* What you need to do: Please transcribe the data below in full. Omit any picture you find in it.

* Data shown:
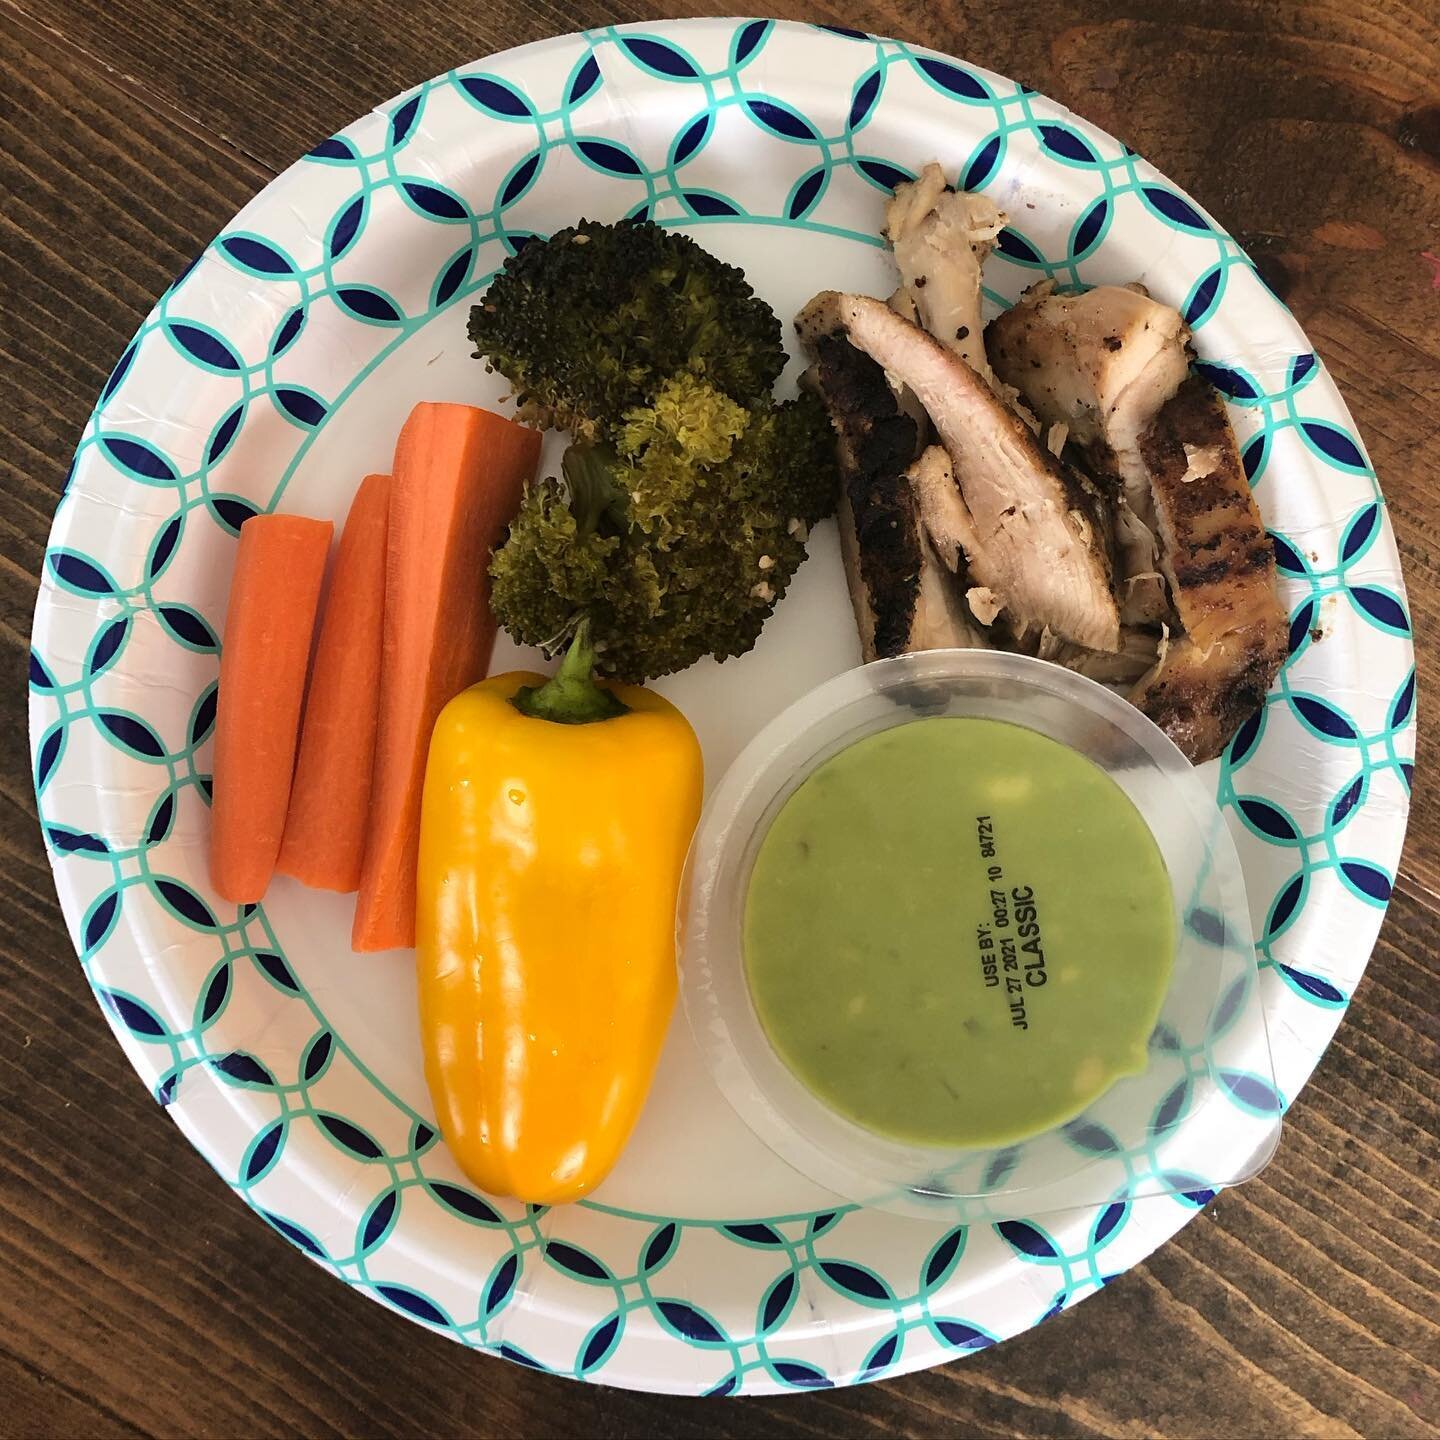 Simple lunch today:
- chicken thigh strips
- roasted broccoli 
- carrots and pepper with guacamole 
.
Sometimes I feel guilty that we eat a lot of the same things, but then I remember how fortunate we are to eat three meals a day. Do you ever have mo

* Response box:
 Simple lunch today:
- chicken thigh strips
- roasted broccoli 
- carrots and pepper with guacamole 
.
Sometimes I feel guilty that we eat a lot of the same things, but then I remember how fortunate we are to eat three meals a day. Do you ever have mo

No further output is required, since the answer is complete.